Some very recent CS notes on languages, etc.

I am a little surprised that my technical posts are getting some attention: at least from the WordPress community. There is interest in things technical. There is so much CS on the internet, actually. I wrote a short piece on blogging with WordPress and a few people made some superlative comments, which actually surprised me. A little social support really goes a long ways.

My friend Mike Iltis called me last night and we talked for around 3 hours on things technical. (I have the bottom of the line cell phone plan). Mike, who often teaches at the university, had sent me a new set of academic links on some interesting topics, and I share a few of them below. I am not an academic but am more half way in between academia and industry. Industry people regard me as an academic and academics see me as a commercial developer. (I was a commercial developer in Silicon Valley several years ago.) Anyway I do have academic interests, but I realize that there is very much that I do not know or understand. I am mentioning Mike Iltis as a reference for the links below.

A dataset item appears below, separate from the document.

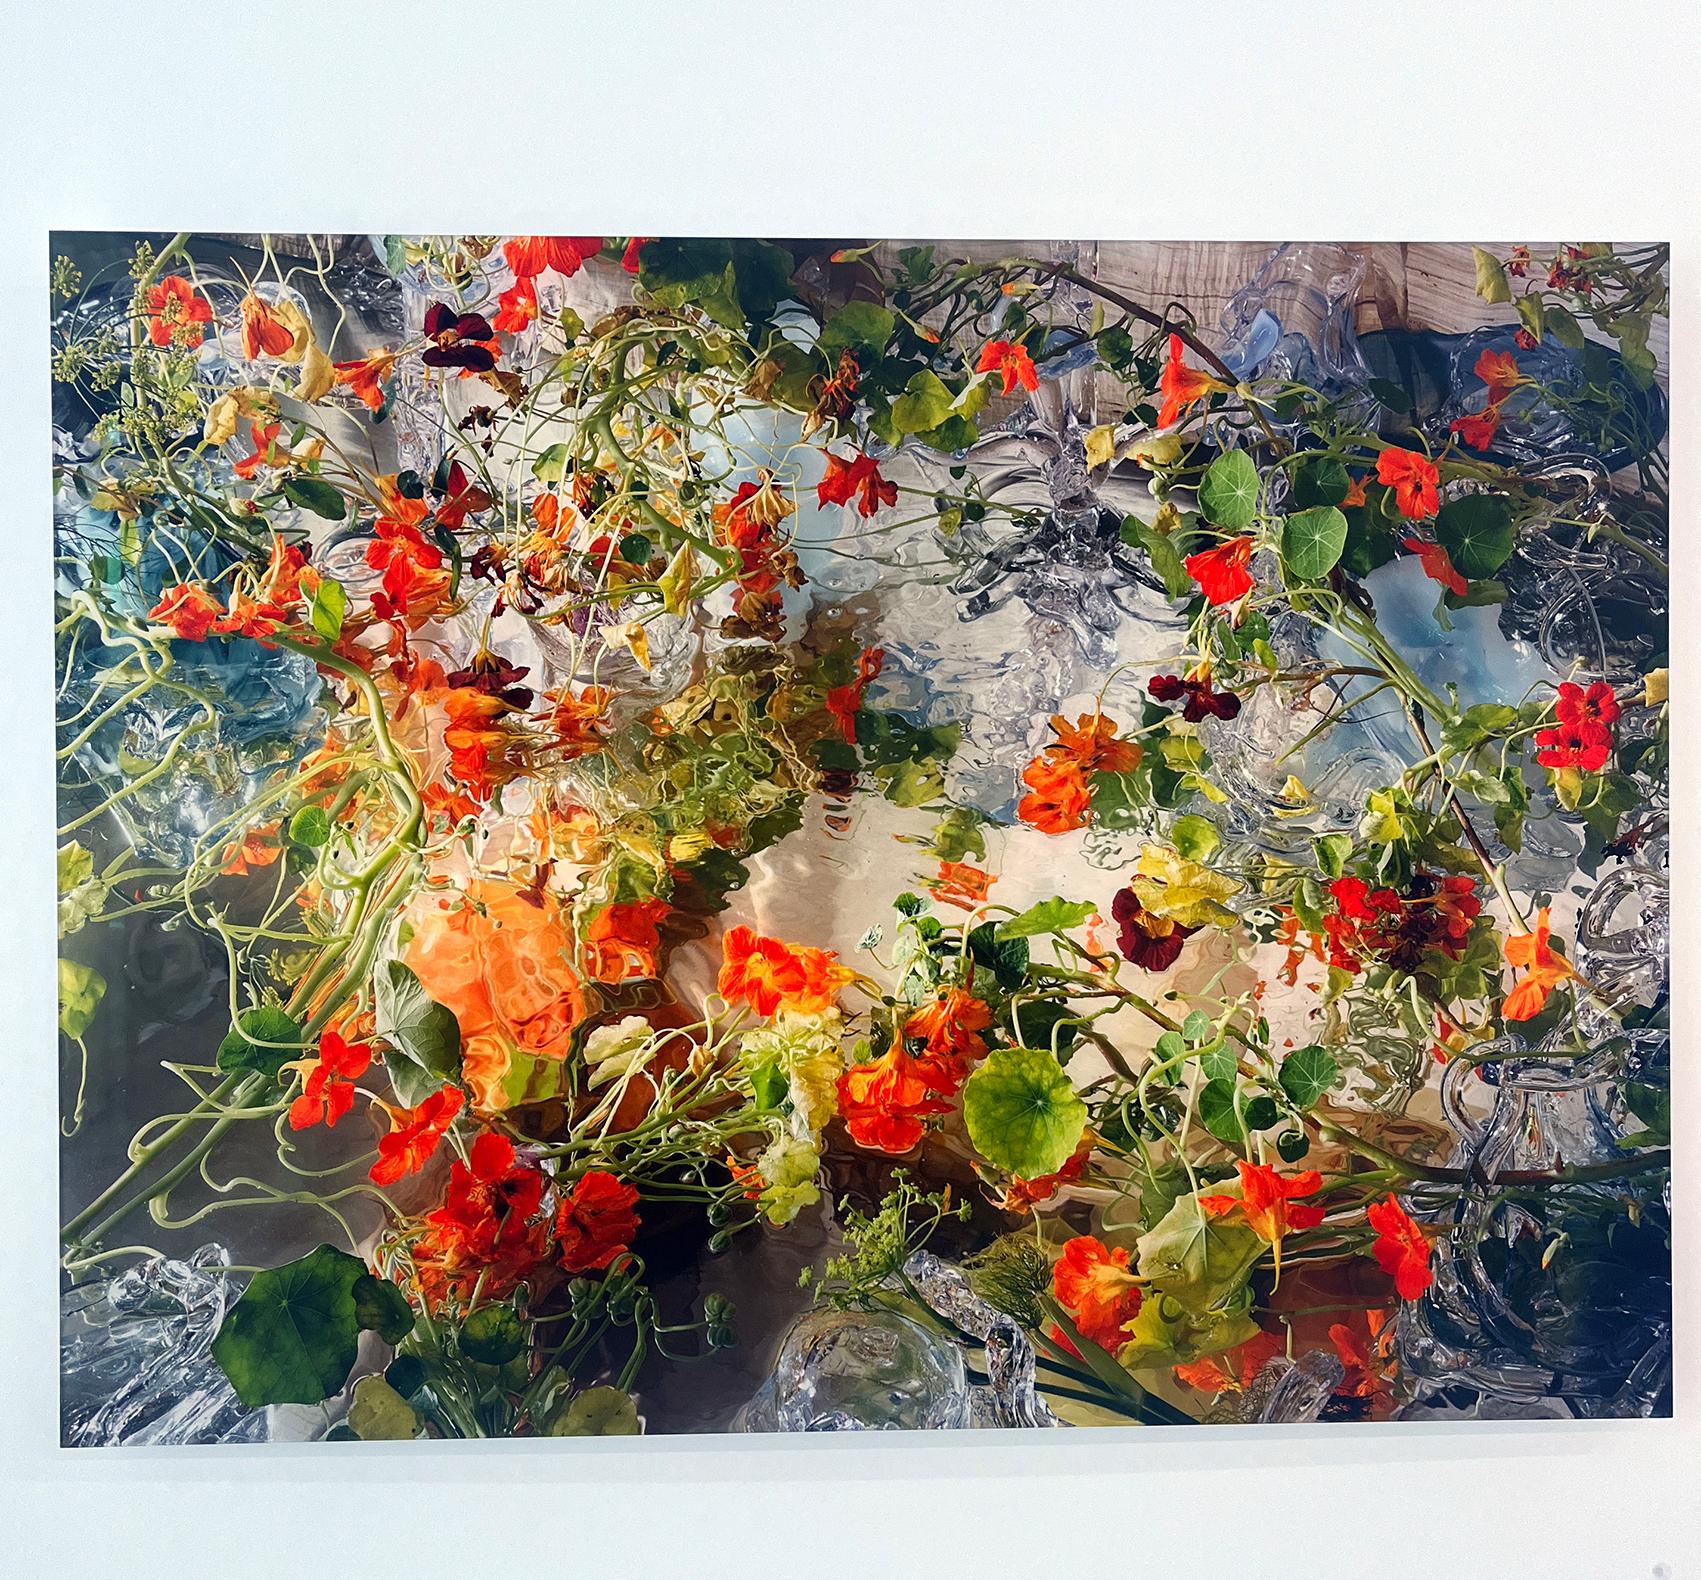 Another highlight is Margriet Smulders, a renowned photographer since the early 1990s, with her enchanting still lifes made by flowers. Her works have been part of over 40 collections worldwide and can be seen in many Dutch consulates all over the

  • Self similar languages.
  • There is one object oriented program and it is this. Every program is one object which is a recursive collection of objects, which in turn are collections of objects. Every object program is isomorphic to this program, and obviously this program is self similar to all of its parts. Mathematically and in terms of formal logic, these notions are more complex than they naively seem to appear.
  • There are some really nice CS spots on the web.
  • Here is some info on an interesting programming language called pliant. [2].
  • Set theory: Setl programming language. [2].
  • Colorless green ideas sleep furiously.
    • Natural language interpretation (automated understanding) is a good topic. With all of the writing occurring especially since the advent of the blog, only computers will be able to read it all.